While the record of transactions in a manufacturing system has many similarities
with that of a service or merchandising company, a manufacturing system makes
use of three inventory accounts: Materials, Work in Process, and Finished Goods. A
merchandising company on the other hand only has one such account which is
Merchandise Inventory whereas a service company has none.
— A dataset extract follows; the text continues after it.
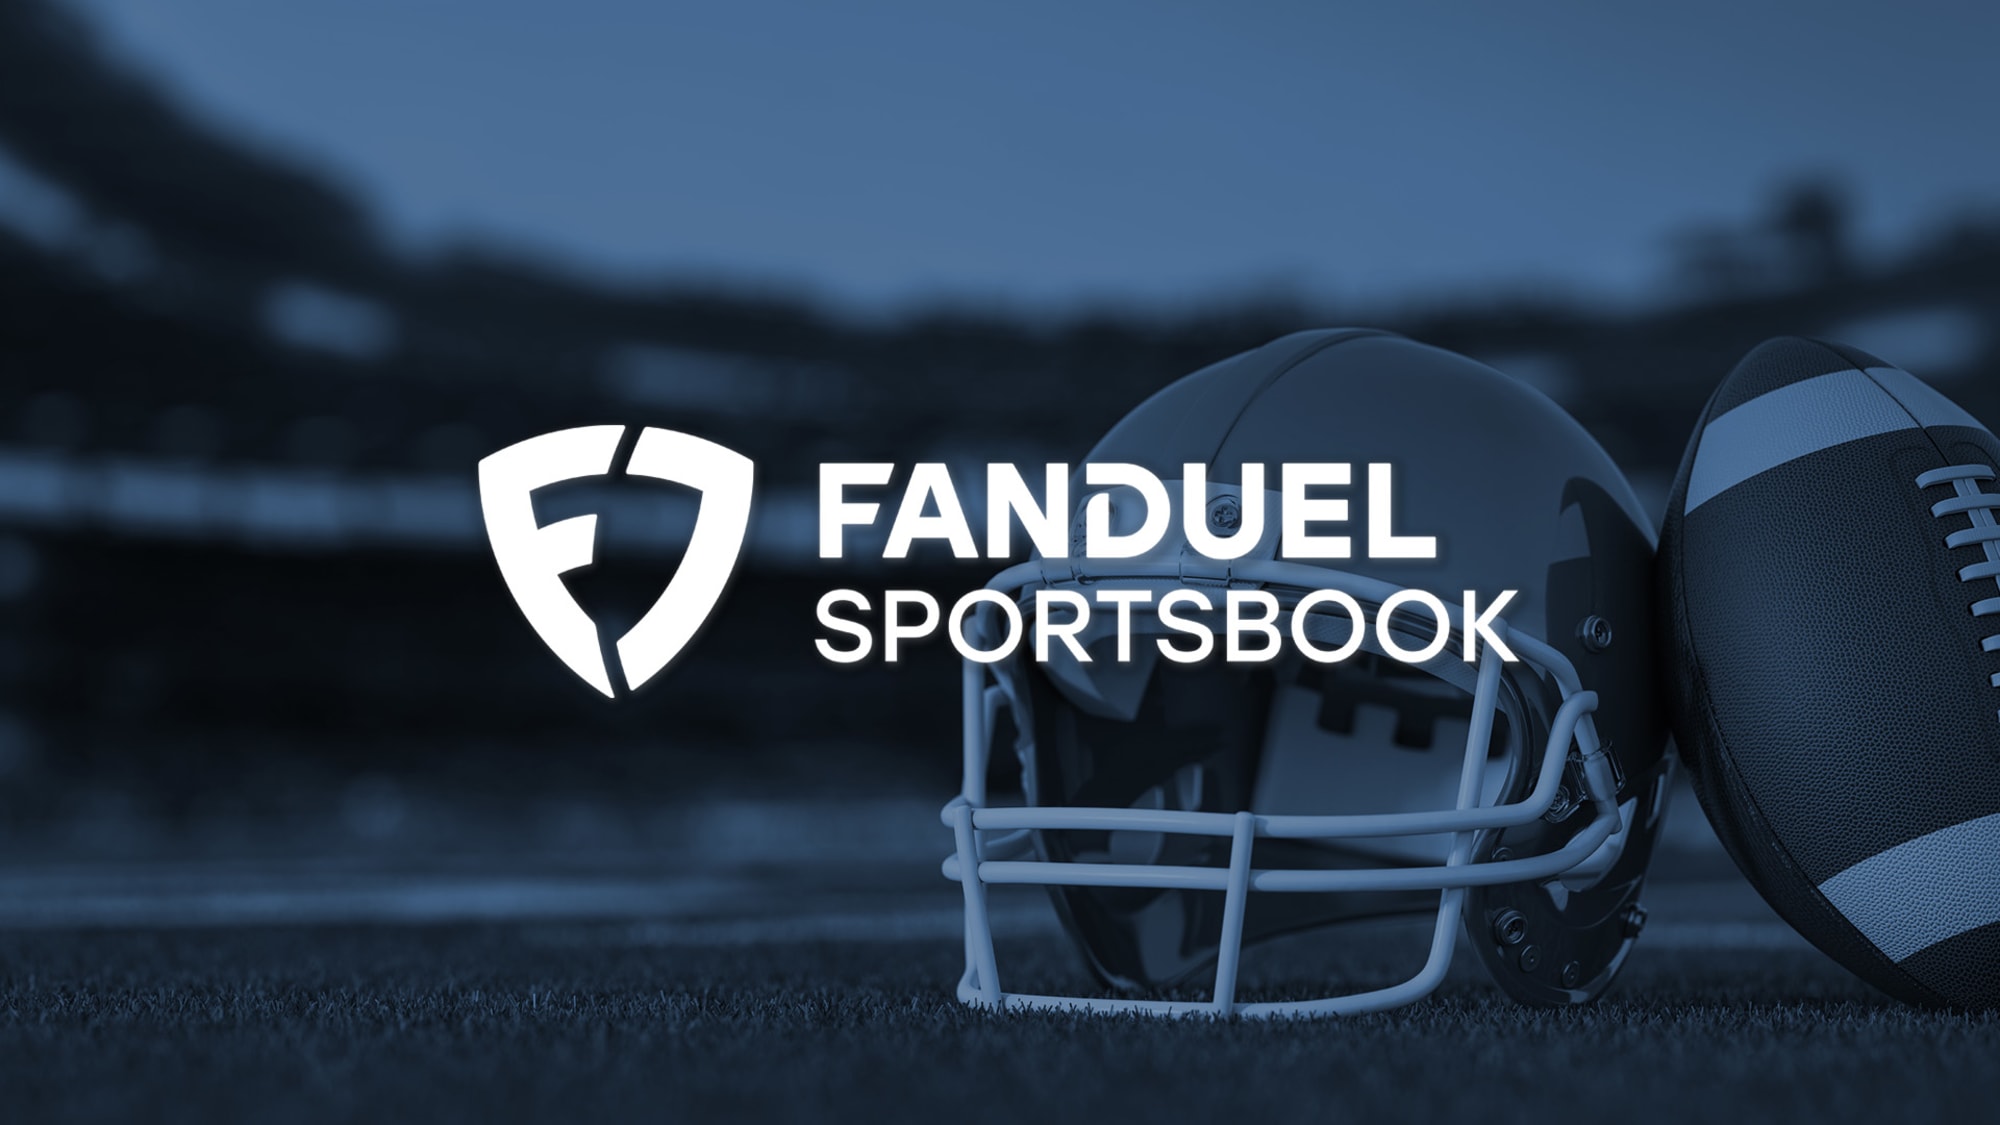 FanDuel NFL Sunday Ticket promo: Get $100 discount, $200 in bonus bets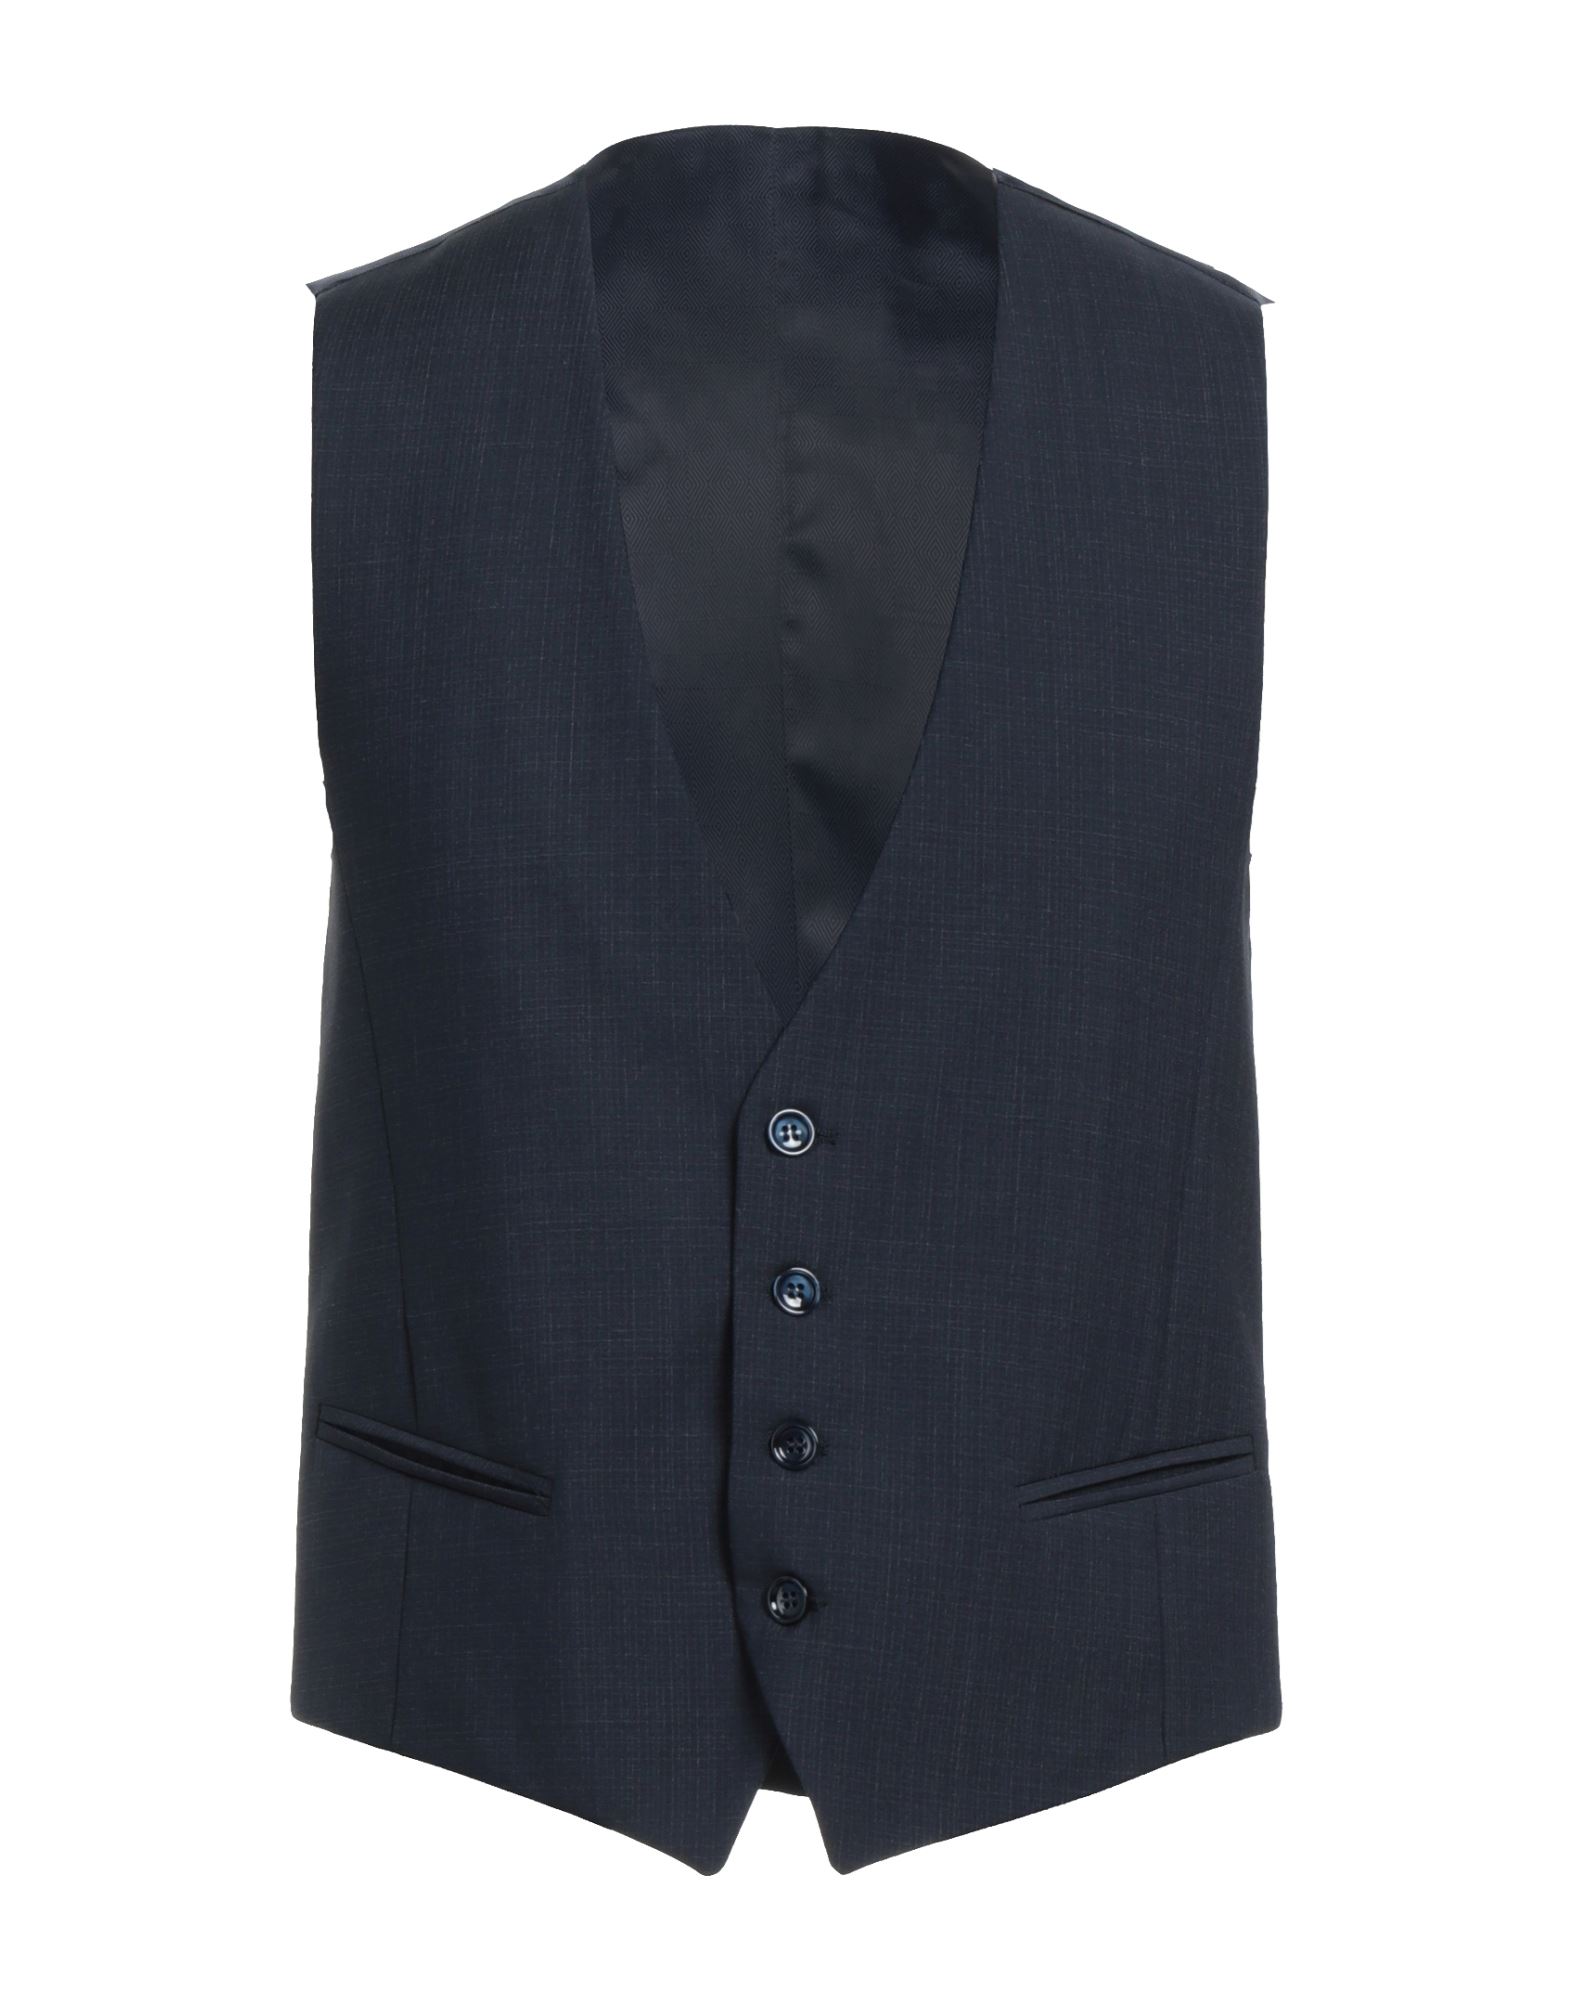 Havana & Co. Man Tailored Vest Midnight Blue Size 40 Virgin Wool

Similar to a
merchandising company, a manufacturing system may also make use of either
periodic or perpetual inventory method.
As seen in the attached papers containing the journalized transactions and the
ledgers, there is an underapplied overhead of Php. 343,275.00. Managers should
dispose of underapplied/overapplied manufacturing overhead costs at the end of the
year by transferring the difference between the actual manufacturing overhead costs
incurred and the applied manufacturing overhead costs to cost of goods sold by
debiting it when the overhead is underapplied and crediting it when overhead is
overapplied.

III. CONCLUSION/RECOMMENDATION
For the month of September, Omega Engineers incurred much more costs than
estimated. This underapplied overhead is also considered an “unfavorable variance”
due to the fact that this would increase the cost of goods sold for the product and
lower overall profit. I would recommend that management for Omega Engineers
reevaluate their cost allocating system and select a cost-allocation base that would
yield more accurate estimates in order to minimize additional costs and maximize
profit in the future.
IV. REFERENCES

Horngren, C.T., Datar, S.M., & Rajan, M. (2014). Cost Accounting: A Managerial
Emphasis (15th ed.). Pearson Education Limited.

Vanderbeck, E.J., & Mitchell, M.R. (2016). Principles of Cost Accounting (17th
ed.). Mason, OH: South-Western Cengage Learning Asia PTE Ltd.